The city is investigating an incident in which an 18-year-old student fatally stabbed a 15-year-old boy and put a 16-year-old boy in critical condition at a high school in the Bronx late Wednesday morning.
At about 10:45 a.m., two males were stabbed in a fifth floor classroom inside Urban Assembly School for Wildlife Conservation in the West Farms section of the Bronx, according to NYPD Chief of Detectives Robert Boyce.
A 15-year-old boy was stabbed once in the chest and died at 11:25 am at Saint Barnabas Hospital and a 16-year-old boy — also stabbed in the chest — is at the same hospital and is in critical but stable condition, Boyce said. An 18-year-old student was immediately taken into custody, and a switchblade with a three-inch blade and a four-inch handle was recovered at the scene.
Mayor Bill de Blasio said that “all of our hearts are very right now,” noting that all parents worry about the safety of their children every morning.
“At this moment, we have one child’s life was lost, one child fighting for his life, another child the one who committed this action whose life will be destroyed by this action and this is a painful, painful tragedy,” de Blasio said. “For the families, we will do all we can to support them and we will do all we can to support the school community which is reeling right now because of this incident.”

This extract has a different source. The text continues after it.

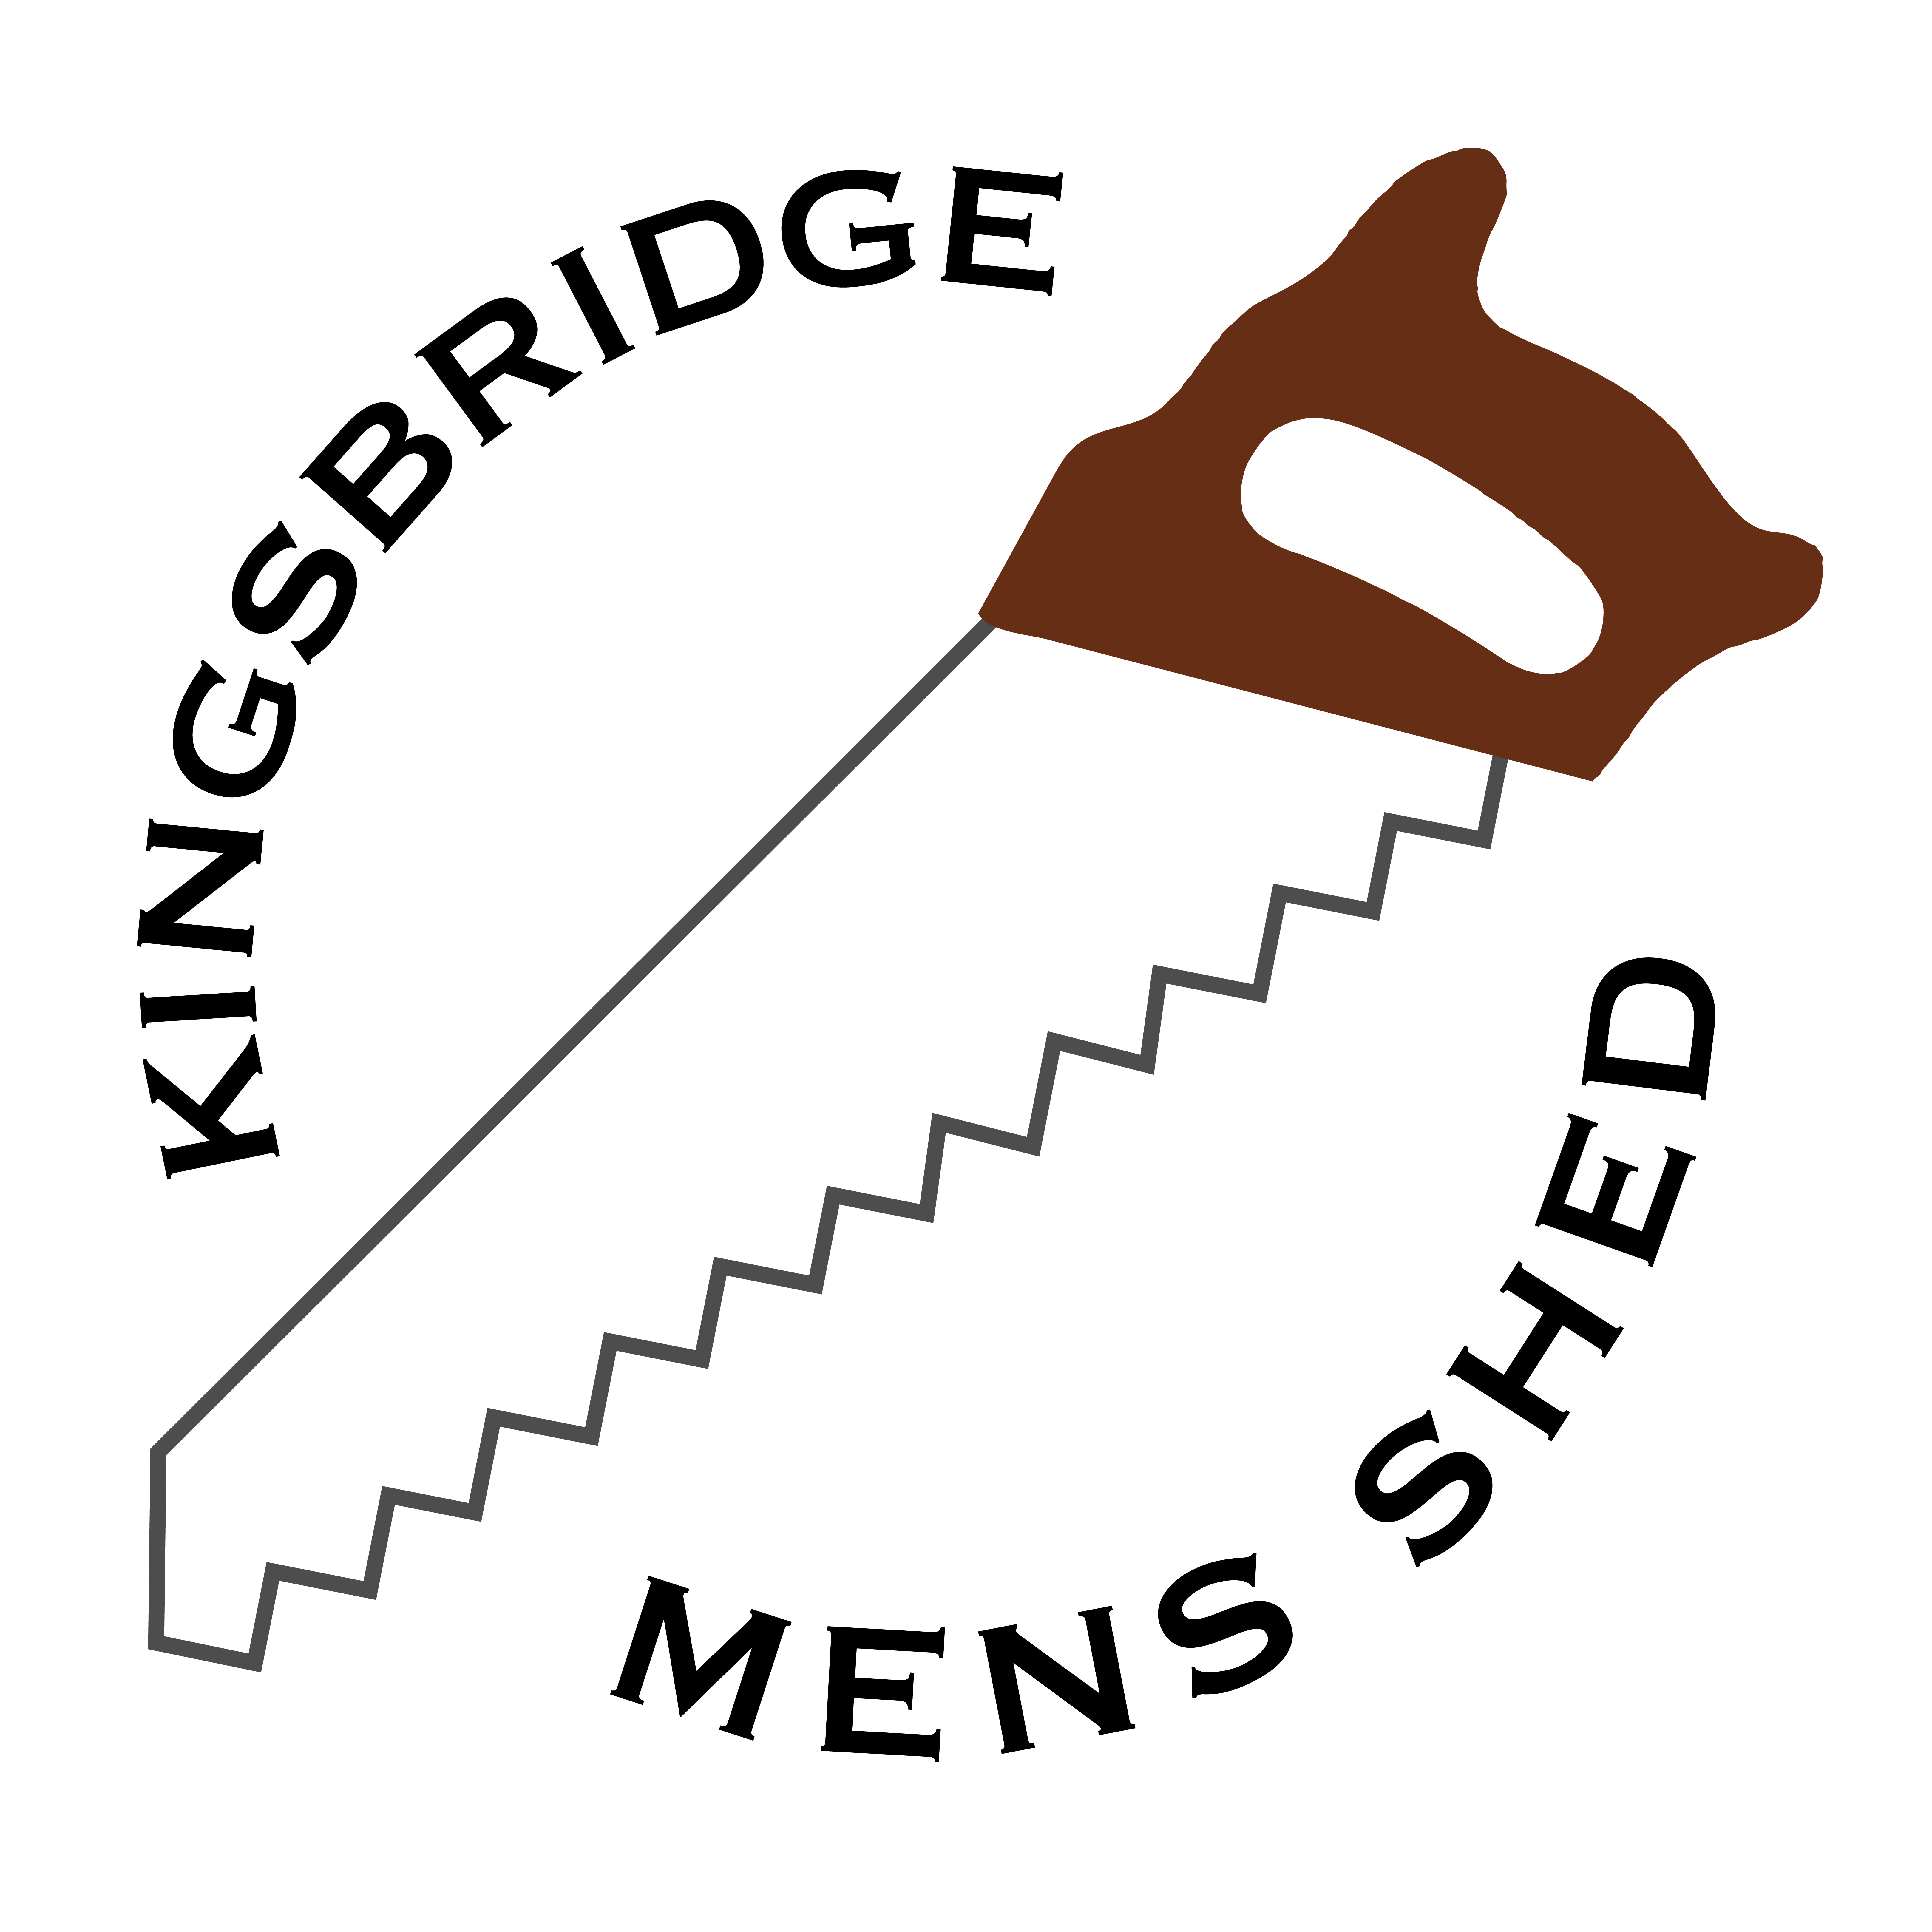 Kingsbridge Men's Shed

He said that a full investigation is underway. The mayor noted that the city will look at the history of the school but that preliminary information indicates that it is a school that “thank god had been very safe.”
De Blasio added that the fatal stabbing marks the first time a high school student was killed in a classroom in many years or even decades, which he said makes the tragedy “all the more troubling.” He vowed to use “every measure to make sure that every child is safe.”
“My message to all my fellow parents is that you should know how intensely the NYPD works every day, including of course everyone at School Safety, and everyone at the Department of Education to protect our children and all of us are feeling this tragedy very personally because we know it is our mission to protect every child,” he said.
And he reiterated that they will be conducting random screenings on Thursday, among other steps.
“There will be immediately random screening done with metal detectors starting tomorrow and additional personnel will be brought in from School Safety tomorrow as well,” he said.
NYPD Chief Joanne Jaffe, who heads the Police Department’s School Safety Division, said that Urban Assembly — which she counts as one school because it is both a junior high school and a high school — and PS 67 share the building.
Jaffe said that it was determined that Urban Assembly did not need metal detectors, noting that roughly 75 to 78 schools in the city have “some type of scanning.” But she said that they are looking into whether the school should get metal detectors in the future.
Boyce said that the 18-year-old student “has made statements to us explaining what happened.” He said that the information that the Police Department currently has is preliminary, saying that facts are “still emerging in this case.”
“We believe that this argument, this thing has been going on for maybe two weeks into the school year and it escalated today after some back and forth within the classroom,” he said. “This was at third period, started about 10:15 so about half an hour into the class this fight erupted. That’s what we know now.”